Vale observar que, em fevereiro deste ano, o time estava avaliado em US$ 10,8 bilhões, o que indica uma tendência de forte aumento dos preços de mercado dos times da NBA. A alta, no caso da equipe de São Francisco, foi de 20%, enquanto a do Lakers ficou em 25%.

O levantamento da CNBC mostra o New York Knicks à frente do time de Los Angeles (terceiro colocado geral), com um valor estimado de US$ 12,7 bilhões, 26% a mais que os US$ 10,1 bilhões da projeção de fevereiro deste ano.

Além dos preços históricos de venda e seus múltiplos de receita correspondentes, o ranking da CNBC considera fatores como economia de arena, o tamanho do mercado e o interesse dos investidores.

Segundo o relatório do canal, a franquia mais barata na NBA na atualidade é o Memphis Grizzlies, avaliado em US$ 4,55 bilhões, 21% a mais que os US$ 3,75 bilhões da cotação feita no início deste ano.

Expansão da liga

A provável venda do Los Angeles Lakers pelo valor recorde deve impactar os próprios planos de expansão da NBA, num período em que esse tema vem sendo fortemente debatido pela alta cúpula da organização esportiva e os proprietários das franquias.

Conforme já noticiou a Máquina do Esporte, no fim do ano passado o comissário Adam Silver declarou que a decisão sobre a inclusão de novos times na liga seria anunciada ainda em 2026.

O executivo chegou a citar Seattle e Las Vegas como possíveis mercados para receber esses times que seriam criados.

LEIA MAIS: NBA prevê decisão sobre expansão em 2026 e mira Seattle e Las Vegas

A inclusão de franquias na NBA depende da aprovação das equipes já existentes. O principal argumento para que essa decisão se concretize é o pagamento da taxa de expansão pelos novos proprietários.

Essa quantia é dividida entre os demais times, de modo a compensá-los pela possível diluição das receitas compartilhadas da liga.

Outro aspecto que torna a expansão interessante para os atuais proprietários é que, apesar de verem sua fatia diminuir de 1/30 para 1/32, eles passarão a receber em cima de um bolo muito maior, já que uma liga ampliada terá condições de negociar contratos de mídia e patrocínio mais vantajosos, além de aumentar suas receitas comerciais e de bilheteria.

Valorização constante

O valor da última taxa de expansão efetivamente paga na NBA foi de US$ 300 milhões.
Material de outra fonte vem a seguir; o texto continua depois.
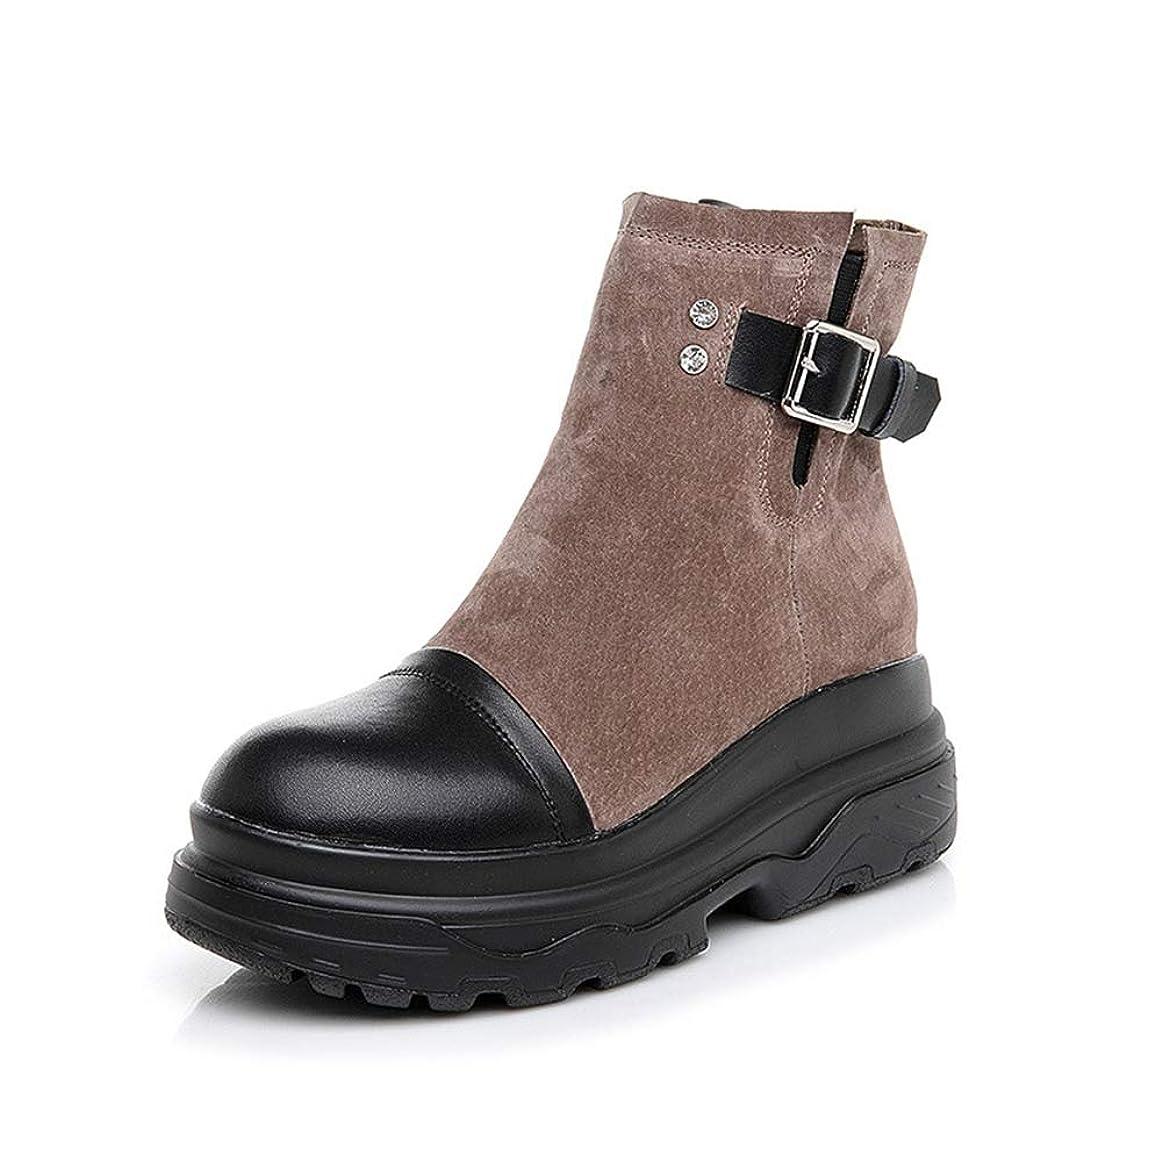 スノーケル動脈正確な[モリケイ] ブーツ ショートブーツ インヒール レディース ボア付き サイドジップ 厚底 レザー スエード ショートブーツ ブーツ 小さいサイズ 2018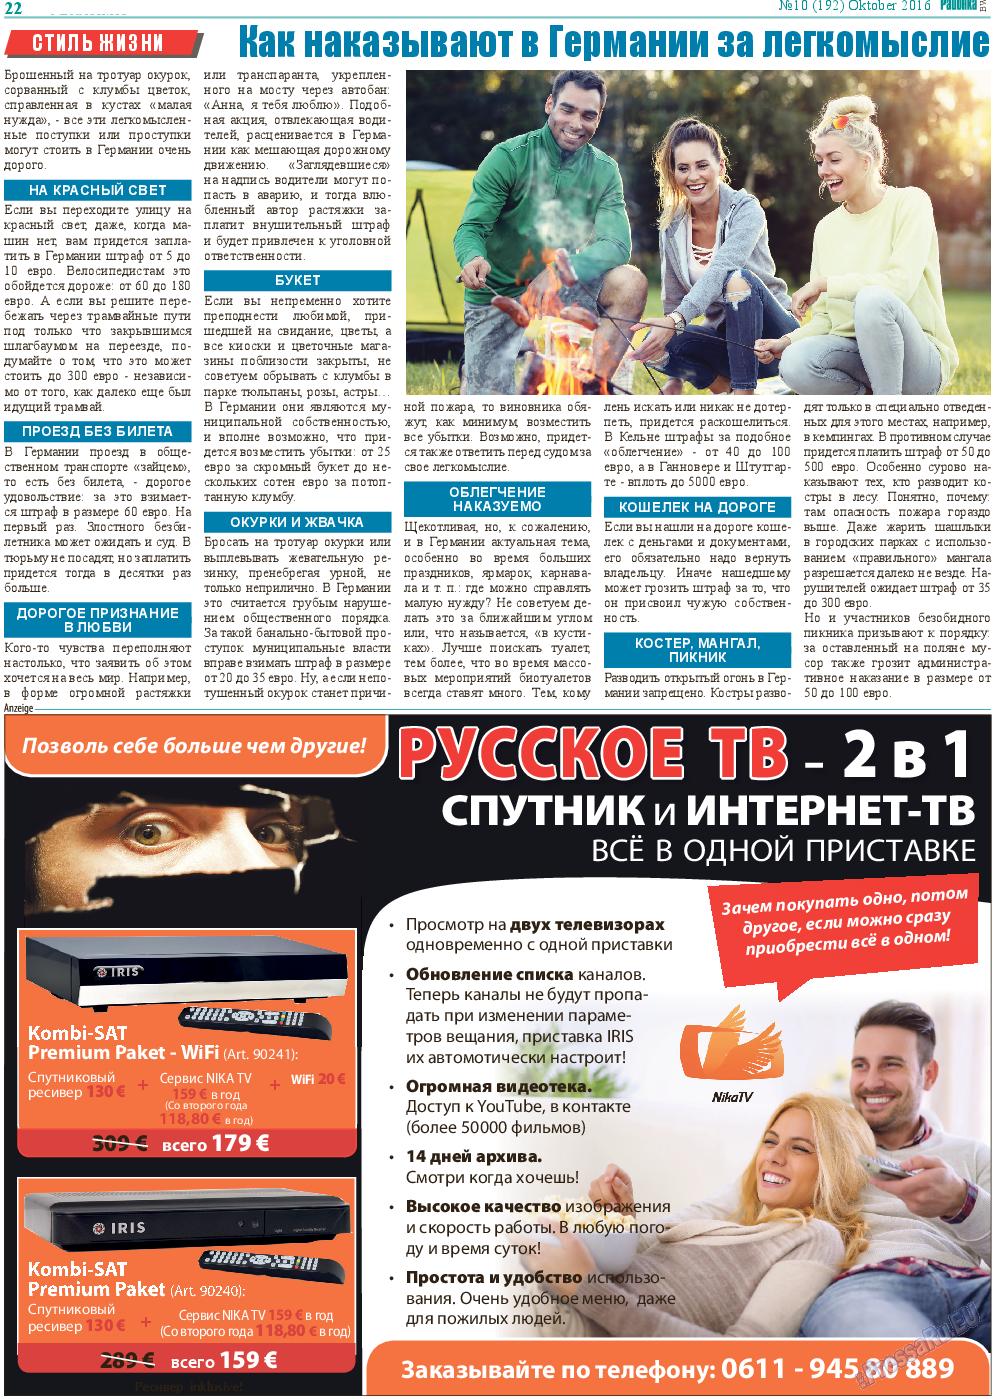 Районка-West (газета). 2016 год, номер 10, стр. 22

Essa quantia foi desembolsada por Robert L. Johnson em 2004 para fundar o Charlotte Bobcats, atual Charlotte Hornets.

Para se ter uma ideia, quando o Chicago Bulls ingressou na liga, em 1966, o dono Dick Klein gastou US$ 1,25 milhão na taxa de expansão.

Nos anos 1980, Miami Heat, Orlando Magic e Minnesota Timberwolves pagaram US$ 32,5 milhões cada para jogar na NBA.

Em 1995, durante a expansão canadense da organização esportiva (com as entradas de Toronto Raptors e Vancouver Grizzlies, que depois se mudou para Memphis), o valor já estava em US$ 125 milhões.

A quantia sempre foi proporcional aos preços que vigoraram nas transações de times ocorridas em cada uma dessas épocas.

Em 2010, seis anos após a última expansão da NBA, o Golden State Warriors foi negociado por US$ 450 milhões.

Com base nos valores recordes alcançados nas recentes vendas de Boston Celtics e de Los Angeles Lakers (tanto a do ano passado quanto a atual), o alto comando da NBA projeta que as taxas a serem cobradas para o próximo ciclo de expansão poderão ficar entre US$ 7 bilhões e US$ 10 bilhões.